#### Recorded data ####

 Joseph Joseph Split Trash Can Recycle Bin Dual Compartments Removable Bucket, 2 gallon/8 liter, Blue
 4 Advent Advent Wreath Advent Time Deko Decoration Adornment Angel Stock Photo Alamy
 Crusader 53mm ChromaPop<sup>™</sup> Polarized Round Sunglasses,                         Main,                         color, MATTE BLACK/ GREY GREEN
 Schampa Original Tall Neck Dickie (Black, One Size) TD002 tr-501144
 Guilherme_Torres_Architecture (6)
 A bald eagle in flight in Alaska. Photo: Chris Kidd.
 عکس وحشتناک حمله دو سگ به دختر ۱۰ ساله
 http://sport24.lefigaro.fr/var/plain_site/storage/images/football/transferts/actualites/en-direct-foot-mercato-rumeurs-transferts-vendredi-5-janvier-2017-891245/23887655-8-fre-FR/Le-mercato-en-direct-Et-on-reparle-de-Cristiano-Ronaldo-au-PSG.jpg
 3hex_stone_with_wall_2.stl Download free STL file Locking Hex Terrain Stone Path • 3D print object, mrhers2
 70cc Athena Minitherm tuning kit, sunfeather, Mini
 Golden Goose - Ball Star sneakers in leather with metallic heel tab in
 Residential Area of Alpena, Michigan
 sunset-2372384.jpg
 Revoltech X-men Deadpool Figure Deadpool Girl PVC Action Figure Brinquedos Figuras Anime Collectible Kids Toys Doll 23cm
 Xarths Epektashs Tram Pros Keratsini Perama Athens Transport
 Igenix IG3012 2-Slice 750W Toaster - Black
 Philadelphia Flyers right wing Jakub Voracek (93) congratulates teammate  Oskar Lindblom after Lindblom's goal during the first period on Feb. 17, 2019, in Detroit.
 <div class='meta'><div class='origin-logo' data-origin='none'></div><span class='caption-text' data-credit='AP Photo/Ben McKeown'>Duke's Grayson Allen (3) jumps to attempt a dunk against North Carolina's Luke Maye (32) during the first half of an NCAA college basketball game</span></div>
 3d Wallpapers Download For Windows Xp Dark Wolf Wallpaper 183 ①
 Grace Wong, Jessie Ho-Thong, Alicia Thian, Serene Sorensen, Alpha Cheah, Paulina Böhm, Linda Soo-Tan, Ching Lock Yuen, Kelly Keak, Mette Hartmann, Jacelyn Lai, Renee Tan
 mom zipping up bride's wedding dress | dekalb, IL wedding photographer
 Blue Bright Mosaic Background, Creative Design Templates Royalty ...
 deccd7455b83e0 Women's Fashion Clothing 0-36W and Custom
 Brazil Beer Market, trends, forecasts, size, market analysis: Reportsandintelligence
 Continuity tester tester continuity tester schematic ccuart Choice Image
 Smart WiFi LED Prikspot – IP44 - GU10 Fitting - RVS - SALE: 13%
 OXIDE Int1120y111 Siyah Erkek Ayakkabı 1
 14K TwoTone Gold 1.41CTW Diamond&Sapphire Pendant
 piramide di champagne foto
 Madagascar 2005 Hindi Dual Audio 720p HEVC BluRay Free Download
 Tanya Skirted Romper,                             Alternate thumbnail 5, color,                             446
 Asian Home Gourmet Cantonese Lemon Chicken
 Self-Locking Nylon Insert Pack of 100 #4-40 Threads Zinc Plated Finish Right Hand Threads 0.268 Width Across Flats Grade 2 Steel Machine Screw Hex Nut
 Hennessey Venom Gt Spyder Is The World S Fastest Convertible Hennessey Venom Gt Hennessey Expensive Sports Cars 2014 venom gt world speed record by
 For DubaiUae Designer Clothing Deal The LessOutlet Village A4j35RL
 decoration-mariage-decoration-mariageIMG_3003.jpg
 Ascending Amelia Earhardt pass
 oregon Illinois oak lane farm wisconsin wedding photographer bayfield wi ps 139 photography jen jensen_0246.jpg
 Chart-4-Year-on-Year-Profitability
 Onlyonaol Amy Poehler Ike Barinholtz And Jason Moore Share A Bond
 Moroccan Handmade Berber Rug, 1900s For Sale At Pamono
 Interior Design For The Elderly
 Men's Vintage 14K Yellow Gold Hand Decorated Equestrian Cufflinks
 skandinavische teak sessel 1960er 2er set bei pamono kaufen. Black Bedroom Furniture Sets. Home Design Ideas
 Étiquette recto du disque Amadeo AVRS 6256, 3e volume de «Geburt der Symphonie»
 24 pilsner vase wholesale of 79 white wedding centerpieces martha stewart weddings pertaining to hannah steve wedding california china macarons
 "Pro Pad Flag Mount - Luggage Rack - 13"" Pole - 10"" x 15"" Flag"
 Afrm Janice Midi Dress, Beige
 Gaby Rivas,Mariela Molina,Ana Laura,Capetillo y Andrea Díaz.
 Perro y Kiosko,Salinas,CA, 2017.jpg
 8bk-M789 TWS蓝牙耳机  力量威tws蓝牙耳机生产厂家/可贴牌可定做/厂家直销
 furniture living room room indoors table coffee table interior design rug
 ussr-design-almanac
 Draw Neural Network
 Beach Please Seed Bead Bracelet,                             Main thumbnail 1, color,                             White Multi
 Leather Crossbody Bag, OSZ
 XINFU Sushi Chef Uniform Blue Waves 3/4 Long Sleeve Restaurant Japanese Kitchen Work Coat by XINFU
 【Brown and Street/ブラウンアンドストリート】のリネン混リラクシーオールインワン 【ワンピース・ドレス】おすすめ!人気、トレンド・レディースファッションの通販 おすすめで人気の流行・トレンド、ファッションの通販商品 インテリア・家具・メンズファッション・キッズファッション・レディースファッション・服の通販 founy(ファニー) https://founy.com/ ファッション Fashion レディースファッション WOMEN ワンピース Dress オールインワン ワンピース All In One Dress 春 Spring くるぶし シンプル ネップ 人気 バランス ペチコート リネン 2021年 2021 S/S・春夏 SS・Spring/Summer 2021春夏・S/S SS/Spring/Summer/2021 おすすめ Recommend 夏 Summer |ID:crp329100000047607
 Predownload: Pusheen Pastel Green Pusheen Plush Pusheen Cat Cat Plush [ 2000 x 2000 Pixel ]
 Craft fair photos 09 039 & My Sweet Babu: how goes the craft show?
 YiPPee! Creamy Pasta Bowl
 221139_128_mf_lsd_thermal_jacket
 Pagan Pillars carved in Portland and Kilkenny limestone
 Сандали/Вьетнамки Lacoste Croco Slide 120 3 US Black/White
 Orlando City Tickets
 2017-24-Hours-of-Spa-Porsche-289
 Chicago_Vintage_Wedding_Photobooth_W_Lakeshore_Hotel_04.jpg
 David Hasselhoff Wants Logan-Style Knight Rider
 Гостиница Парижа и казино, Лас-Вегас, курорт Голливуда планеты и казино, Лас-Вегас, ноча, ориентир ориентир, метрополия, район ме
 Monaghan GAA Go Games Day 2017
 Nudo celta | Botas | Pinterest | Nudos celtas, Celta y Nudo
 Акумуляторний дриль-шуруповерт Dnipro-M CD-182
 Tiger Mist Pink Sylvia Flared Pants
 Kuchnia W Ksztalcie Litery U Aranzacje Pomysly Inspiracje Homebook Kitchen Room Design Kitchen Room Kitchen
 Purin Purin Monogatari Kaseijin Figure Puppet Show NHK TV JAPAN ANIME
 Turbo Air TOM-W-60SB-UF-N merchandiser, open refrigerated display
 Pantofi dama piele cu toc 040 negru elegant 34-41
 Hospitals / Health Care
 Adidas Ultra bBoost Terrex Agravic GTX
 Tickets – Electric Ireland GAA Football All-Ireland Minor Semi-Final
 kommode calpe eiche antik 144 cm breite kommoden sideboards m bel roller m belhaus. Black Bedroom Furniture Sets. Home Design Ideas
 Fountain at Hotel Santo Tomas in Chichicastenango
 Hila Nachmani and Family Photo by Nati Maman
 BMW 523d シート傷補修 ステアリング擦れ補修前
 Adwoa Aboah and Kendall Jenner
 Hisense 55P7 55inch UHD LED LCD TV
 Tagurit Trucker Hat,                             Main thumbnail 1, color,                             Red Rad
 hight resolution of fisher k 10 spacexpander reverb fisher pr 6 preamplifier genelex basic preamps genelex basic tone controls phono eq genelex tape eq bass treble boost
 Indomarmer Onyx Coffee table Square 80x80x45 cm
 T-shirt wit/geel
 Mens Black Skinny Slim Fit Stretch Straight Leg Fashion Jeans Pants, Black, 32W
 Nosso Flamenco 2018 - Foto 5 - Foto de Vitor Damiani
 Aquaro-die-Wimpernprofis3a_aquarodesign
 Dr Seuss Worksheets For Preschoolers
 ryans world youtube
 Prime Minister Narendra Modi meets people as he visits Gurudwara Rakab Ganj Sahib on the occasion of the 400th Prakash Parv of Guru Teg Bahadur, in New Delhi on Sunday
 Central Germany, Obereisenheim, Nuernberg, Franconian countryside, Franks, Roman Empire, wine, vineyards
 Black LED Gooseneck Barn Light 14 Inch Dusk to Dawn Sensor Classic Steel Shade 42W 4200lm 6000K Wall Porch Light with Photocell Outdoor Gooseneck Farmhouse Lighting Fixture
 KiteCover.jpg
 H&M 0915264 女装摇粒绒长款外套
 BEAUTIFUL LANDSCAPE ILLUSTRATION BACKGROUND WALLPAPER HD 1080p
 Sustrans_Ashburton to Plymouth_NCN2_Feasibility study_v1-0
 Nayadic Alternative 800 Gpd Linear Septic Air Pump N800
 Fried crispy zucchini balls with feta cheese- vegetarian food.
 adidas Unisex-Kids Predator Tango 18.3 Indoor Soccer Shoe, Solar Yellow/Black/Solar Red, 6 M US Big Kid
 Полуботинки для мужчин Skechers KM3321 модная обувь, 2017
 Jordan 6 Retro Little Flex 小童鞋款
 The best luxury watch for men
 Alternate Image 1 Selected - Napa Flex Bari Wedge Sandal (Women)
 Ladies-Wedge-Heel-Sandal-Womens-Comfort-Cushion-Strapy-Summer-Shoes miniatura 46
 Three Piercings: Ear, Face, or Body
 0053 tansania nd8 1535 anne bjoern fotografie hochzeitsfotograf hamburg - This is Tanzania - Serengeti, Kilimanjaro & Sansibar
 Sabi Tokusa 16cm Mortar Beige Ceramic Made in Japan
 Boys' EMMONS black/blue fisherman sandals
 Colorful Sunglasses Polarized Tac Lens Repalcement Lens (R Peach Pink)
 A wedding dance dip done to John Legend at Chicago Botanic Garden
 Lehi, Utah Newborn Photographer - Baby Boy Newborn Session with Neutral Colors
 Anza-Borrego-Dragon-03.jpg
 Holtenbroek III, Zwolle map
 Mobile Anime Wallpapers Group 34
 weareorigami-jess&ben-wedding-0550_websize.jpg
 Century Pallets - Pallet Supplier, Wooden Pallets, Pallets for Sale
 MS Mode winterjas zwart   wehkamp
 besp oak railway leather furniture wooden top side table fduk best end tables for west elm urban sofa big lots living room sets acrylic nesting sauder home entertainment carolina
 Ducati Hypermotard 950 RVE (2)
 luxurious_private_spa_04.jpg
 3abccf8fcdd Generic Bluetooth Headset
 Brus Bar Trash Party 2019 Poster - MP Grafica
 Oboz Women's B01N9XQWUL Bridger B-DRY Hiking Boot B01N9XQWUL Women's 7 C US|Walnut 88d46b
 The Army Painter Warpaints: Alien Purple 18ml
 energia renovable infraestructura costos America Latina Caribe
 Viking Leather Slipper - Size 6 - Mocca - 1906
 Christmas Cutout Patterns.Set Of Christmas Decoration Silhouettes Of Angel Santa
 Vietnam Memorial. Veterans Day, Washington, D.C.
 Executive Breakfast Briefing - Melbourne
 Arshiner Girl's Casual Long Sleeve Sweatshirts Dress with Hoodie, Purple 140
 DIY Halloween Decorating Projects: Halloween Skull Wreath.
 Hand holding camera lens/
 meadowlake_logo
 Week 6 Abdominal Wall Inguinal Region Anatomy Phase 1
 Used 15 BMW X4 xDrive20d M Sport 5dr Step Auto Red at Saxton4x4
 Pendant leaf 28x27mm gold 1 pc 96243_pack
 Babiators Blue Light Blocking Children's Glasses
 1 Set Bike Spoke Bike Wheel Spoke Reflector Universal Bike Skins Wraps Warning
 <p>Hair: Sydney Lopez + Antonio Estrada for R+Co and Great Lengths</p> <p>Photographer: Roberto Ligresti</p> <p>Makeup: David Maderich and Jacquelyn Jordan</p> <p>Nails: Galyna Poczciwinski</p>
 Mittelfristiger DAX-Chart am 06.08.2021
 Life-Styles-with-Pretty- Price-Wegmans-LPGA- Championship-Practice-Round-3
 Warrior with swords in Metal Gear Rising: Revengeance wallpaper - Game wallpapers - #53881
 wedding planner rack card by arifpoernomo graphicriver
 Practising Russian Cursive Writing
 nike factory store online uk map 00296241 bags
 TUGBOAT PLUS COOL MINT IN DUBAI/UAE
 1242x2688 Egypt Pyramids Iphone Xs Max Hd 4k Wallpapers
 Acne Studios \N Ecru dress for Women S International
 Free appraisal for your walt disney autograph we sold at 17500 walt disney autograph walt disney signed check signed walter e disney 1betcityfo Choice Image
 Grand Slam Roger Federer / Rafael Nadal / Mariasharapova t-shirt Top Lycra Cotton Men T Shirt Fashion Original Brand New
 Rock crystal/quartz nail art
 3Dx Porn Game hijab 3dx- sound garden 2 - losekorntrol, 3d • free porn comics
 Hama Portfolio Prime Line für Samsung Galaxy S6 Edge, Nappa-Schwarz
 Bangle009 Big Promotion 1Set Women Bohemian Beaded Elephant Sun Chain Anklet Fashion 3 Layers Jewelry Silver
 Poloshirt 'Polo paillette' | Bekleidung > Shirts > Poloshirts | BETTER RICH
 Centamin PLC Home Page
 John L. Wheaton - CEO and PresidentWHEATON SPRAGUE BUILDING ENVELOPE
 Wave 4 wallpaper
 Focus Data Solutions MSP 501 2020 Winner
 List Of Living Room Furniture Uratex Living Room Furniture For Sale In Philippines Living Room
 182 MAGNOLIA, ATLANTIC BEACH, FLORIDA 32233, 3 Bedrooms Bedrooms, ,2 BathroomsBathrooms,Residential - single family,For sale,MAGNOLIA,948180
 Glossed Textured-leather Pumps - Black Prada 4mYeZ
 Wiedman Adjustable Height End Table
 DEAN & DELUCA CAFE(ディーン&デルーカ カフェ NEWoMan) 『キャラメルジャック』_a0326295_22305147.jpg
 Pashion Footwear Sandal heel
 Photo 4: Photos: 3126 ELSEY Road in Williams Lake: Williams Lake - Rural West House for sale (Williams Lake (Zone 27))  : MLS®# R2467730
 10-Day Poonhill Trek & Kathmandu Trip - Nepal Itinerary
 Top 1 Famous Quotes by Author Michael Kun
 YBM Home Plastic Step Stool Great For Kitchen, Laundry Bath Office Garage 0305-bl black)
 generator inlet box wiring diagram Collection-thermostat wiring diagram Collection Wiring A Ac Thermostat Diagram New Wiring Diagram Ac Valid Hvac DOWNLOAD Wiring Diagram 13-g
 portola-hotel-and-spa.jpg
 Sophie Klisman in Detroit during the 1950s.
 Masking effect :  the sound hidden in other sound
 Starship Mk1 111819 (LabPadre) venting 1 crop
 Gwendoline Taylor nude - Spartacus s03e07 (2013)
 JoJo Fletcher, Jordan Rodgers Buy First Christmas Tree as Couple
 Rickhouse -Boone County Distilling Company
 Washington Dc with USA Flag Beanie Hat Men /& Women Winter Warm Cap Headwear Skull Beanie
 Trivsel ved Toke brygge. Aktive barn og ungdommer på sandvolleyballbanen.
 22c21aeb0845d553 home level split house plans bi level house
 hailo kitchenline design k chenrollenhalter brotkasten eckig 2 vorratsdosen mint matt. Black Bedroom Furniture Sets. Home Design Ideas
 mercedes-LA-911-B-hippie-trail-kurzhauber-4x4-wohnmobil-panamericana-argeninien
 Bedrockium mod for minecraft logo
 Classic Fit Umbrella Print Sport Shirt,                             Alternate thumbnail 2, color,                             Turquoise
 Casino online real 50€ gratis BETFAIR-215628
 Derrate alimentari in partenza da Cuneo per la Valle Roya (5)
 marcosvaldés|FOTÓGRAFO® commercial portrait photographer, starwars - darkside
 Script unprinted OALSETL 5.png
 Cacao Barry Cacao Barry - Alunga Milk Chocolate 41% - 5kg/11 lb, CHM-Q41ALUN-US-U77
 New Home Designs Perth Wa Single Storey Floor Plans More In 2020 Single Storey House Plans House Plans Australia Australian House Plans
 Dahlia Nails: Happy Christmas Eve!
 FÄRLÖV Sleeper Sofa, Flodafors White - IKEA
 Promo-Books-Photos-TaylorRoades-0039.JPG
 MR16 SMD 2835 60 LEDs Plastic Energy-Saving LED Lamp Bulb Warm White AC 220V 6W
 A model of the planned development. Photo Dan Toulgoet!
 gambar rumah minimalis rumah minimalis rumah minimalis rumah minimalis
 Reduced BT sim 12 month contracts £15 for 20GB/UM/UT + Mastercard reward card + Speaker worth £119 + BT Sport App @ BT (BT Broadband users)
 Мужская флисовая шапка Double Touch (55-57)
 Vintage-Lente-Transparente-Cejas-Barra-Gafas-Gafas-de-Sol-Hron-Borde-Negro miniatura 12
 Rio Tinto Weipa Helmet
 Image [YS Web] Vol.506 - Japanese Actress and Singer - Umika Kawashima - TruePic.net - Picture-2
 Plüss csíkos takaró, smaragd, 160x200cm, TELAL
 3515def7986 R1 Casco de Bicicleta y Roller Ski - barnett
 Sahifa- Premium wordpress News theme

####

> Work item
In the data above, which lines lie between the line with "Week 6 Abdominal" and the line with "List Of Living", inclusive? Print those lines exactly and nothing else.

> Exercise solution
 Week 6 Abdominal Wall Inguinal Region Anatomy Phase 1
 Used 15 BMW X4 xDrive20d M Sport 5dr Step Auto Red at Saxton4x4
 Pendant leaf 28x27mm gold 1 pc 96243_pack
 Babiators Blue Light Blocking Children's Glasses
 1 Set Bike Spoke Bike Wheel Spoke Reflector Universal Bike Skins Wraps Warning
 <p>Hair: Sydney Lopez + Antonio Estrada for R+Co and Great Lengths</p> <p>Photographer: Roberto Ligresti</p> <p>Makeup: David Maderich and Jacquelyn Jordan</p> <p>Nails: Galyna Poczciwinski</p>
 Mittelfristiger DAX-Chart am 06.08.2021
 Life-Styles-with-Pretty- Price-Wegmans-LPGA- Championship-Practice-Round-3
 Warrior with swords in Metal Gear Rising: Revengeance wallpaper - Game wallpapers - #53881
 wedding planner rack card by arifpoernomo graphicriver
 Practising Russian Cursive Writing
 nike factory store online uk map 00296241 bags
 TUGBOAT PLUS COOL MINT IN DUBAI/UAE
 1242x2688 Egypt Pyramids Iphone Xs Max Hd 4k Wallpapers
 Acne Studios \N Ecru dress for Women S International
 Free appraisal for your walt disney autograph we sold at 17500 walt disney autograph walt disney signed check signed walter e disney 1betcityfo Choice Image
 Grand Slam Roger Federer / Rafael Nadal / Mariasharapova t-shirt Top Lycra Cotton Men T Shirt Fashion Original Brand New
 Rock crystal/quartz nail art
 3Dx Porn Game hijab 3dx- sound garden 2 - losekorntrol, 3d • free porn comics
 Hama Portfolio Prime Line für Samsung Galaxy S6 Edge, Nappa-Schwarz
 Bangle009 Big Promotion 1Set Women Bohemian Beaded Elephant Sun Chain Anklet Fashion 3 Layers Jewelry Silver
 Poloshirt 'Polo paillette' | Bekleidung > Shirts > Poloshirts | BETTER RICH
 Centamin PLC Home Page
 John L. Wheaton - CEO and PresidentWHEATON SPRAGUE BUILDING ENVELOPE
 Wave 4 wallpaper
 Focus Data Solutions MSP 501 2020 Winner
 List Of Living Room Furniture Uratex Living Room Furniture For Sale In Philippines Living Room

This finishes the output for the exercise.